# What the exercise asks
Transcribe the listing below only from the line with "Read online Uncanny" up to and including the line with "Beautiful Pink Gerbera".

# Given data
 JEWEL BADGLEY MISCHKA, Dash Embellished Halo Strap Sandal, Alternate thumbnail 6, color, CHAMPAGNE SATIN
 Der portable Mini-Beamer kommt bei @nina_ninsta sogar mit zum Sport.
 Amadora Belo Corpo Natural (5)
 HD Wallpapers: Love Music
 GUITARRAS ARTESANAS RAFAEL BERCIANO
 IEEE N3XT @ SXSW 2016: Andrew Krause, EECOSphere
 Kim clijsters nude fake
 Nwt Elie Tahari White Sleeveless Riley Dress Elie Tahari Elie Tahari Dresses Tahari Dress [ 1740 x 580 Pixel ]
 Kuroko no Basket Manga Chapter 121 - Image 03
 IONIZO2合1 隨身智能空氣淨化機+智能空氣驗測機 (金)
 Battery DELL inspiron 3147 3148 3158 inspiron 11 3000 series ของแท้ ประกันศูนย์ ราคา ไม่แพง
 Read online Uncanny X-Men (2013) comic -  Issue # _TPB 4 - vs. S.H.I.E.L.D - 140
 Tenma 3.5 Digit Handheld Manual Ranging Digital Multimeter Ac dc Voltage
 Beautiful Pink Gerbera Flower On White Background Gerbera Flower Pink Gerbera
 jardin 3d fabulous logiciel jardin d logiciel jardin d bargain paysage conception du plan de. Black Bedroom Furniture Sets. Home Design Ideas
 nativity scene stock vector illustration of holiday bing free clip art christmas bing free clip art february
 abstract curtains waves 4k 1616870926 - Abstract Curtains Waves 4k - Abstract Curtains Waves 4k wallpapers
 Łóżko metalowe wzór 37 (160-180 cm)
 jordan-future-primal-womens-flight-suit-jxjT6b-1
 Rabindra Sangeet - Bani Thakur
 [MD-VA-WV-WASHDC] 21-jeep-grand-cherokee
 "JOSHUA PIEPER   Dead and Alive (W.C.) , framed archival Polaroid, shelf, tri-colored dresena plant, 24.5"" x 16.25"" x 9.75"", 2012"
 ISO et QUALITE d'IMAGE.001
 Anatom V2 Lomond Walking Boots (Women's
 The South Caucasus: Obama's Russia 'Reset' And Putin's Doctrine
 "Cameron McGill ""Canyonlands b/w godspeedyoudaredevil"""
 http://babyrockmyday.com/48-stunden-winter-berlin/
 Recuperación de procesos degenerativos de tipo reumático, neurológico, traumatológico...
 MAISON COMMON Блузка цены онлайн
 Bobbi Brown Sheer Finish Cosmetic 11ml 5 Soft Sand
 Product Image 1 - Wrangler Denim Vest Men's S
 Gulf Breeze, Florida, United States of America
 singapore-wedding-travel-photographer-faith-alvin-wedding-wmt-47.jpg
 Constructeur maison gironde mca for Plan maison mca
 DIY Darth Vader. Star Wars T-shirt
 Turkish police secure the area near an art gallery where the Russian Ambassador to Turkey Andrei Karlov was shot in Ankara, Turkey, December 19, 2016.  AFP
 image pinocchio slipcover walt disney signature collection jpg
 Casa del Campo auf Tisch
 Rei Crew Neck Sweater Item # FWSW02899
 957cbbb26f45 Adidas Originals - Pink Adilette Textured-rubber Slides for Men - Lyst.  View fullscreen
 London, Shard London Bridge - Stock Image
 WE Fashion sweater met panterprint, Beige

# Answer to this exercise
 Read online Uncanny X-Men (2013) comic -  Issue # _TPB 4 - vs. S.H.I.E.L.D - 140
 Tenma 3.5 Digit Handheld Manual Ranging Digital Multimeter Ac dc Voltage
 Beautiful Pink Gerbera Flower On White Background Gerbera Flower Pink Gerbera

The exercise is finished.